Fantasy/Adventure/Family, 127 Minutes, 2016
Ransom Riggs’ best-selling debut novel seems tailor made for Tim Burton’s [IMDB] off-kilter sensibilities. Most children are normal, some are odd, some are gifted and some very few are peculiar. Peculiar children might be as strong as a dozen men, be lighter than air or able to start fires with their hands. Such children are cared for by the Ymbrynes, magical women who create isolated loops in time to protect their wards.
Miss Peregrine (the wonderful Eva Green [IMDB]) has set aside September 3, 1943, a lovely day on a small Welsh island. She and her adoptive children live there, perpetually safe from the German air raid that destroys the entire area on September fourth. The real danger is Barron (Samuel L. Jackson [IMDB]), an evil peculiar intent on raiding these sanctuaries, experimenting on the Ymbrynes and feeding the eyes of peculiar children to his invisible allies, the hollowgasts.

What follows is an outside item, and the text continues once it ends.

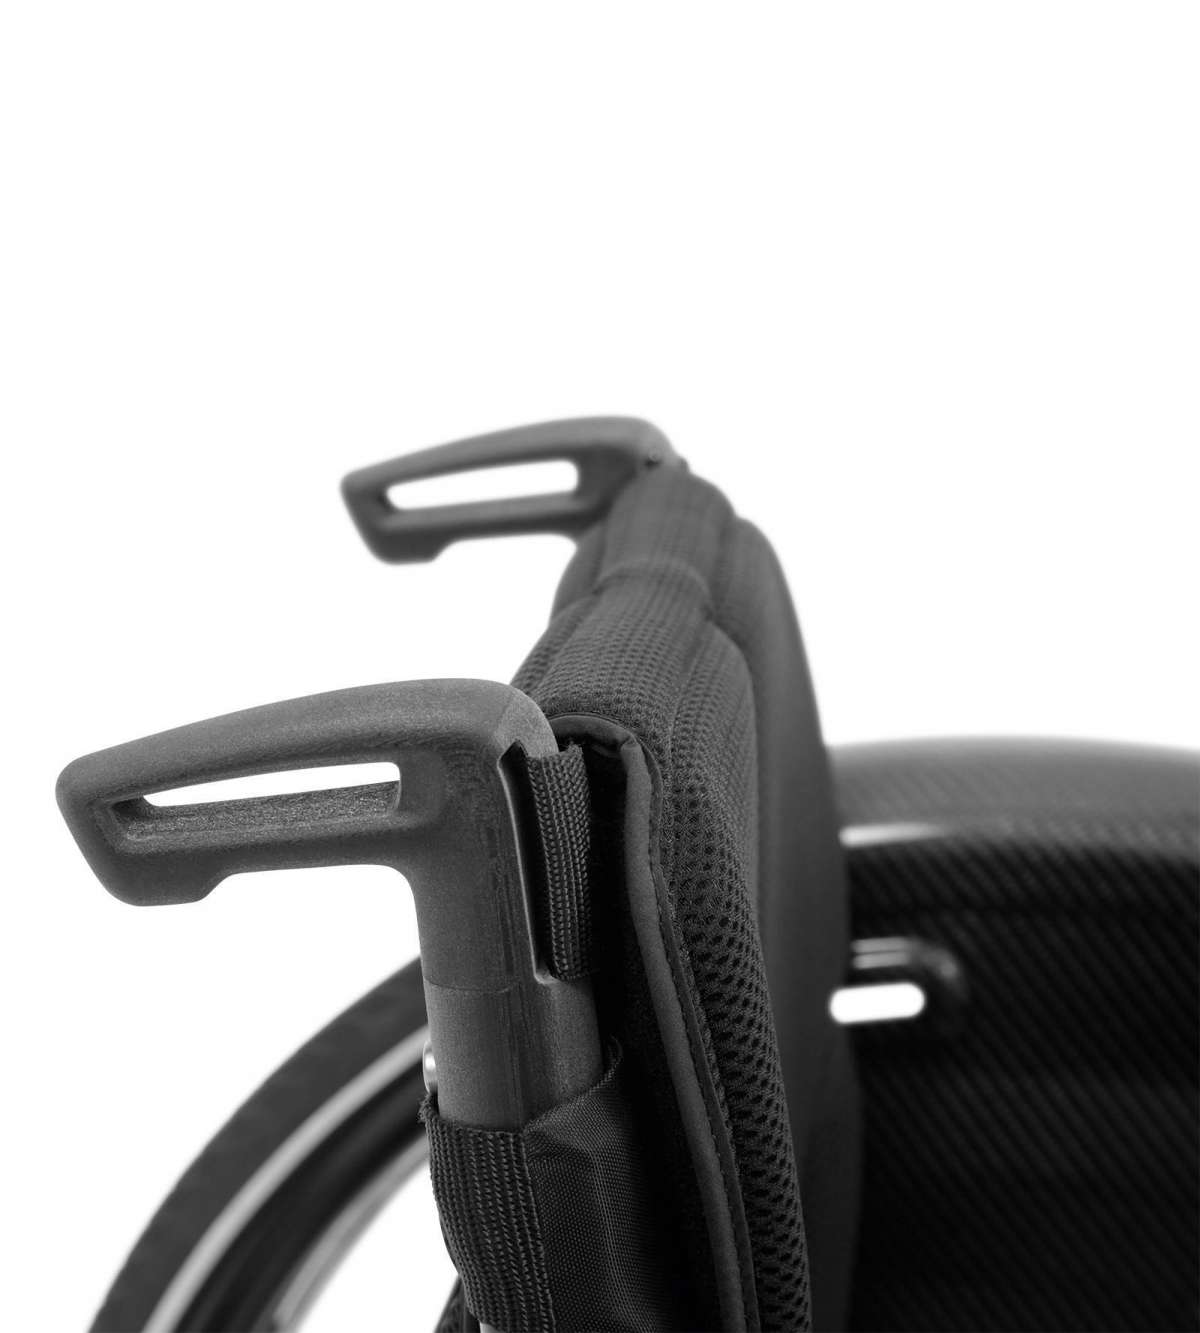 Инвалидное кресло-коляска Авангард DS

Abe (Terrance Stamp [IMDB], who will clearly be replacing the late Christopher Lee in Burton productions moving forward) once lived in Miss Peregrine’s home. After his mysterious death, his grandson, Jake (Asa Butterfield [IMDB]), undertakes to determine if the stories he told were real or, as Jake suspects, only the fanciful ramblings of an old man.
As expected from Burton, the visuals are surreal and gleefully effective. Most of the effects are practical, with digital work used sparingly. If anything, the effects may be a bit too effective. Eyeless teeth monsters, dancing corpses and plates over-brimming with realistic eyeballs could exceed the limits of younger family members.
The core story – protecting children from monsters – is clear and works well. It suffers from muddled supporting details and vague motivations. Time traveling loops and the strange, often contradictory, rules that govern them will leave the audience scratching it’s collective head if they bother to think about them. For example, if the children come forward to 2016 from 1943 “time would catch up to them” and they’d age in short order… but Jake can seemingly go back to 1943 with no issues whatsoever. Why? Quiet, you!
Green stand-outs as the stern, yet caring, Miss Peregrine. Her angular features, dark eyes and firm voice slide seamlessly into Burton’s quirky aesthetic. Jackson, on the other hand, decidedly does not. The straightforward, deadpan delivery that serves him so well elsewhere is anachronistic and completely ineffective here.
More cynical viewers may be excused for dismissing this as “goth X-Men”; others may embrace it for the same reason. Burton fans will be split: some disappointed and others thrilled by his retreat to his comfort zone after 2014’s excellent drama “Big Eyes” [My Review]. While this may be par for the course for Burton, it’s a solid, entertaining lark marred only slightly by a muddled story and some questionable casting.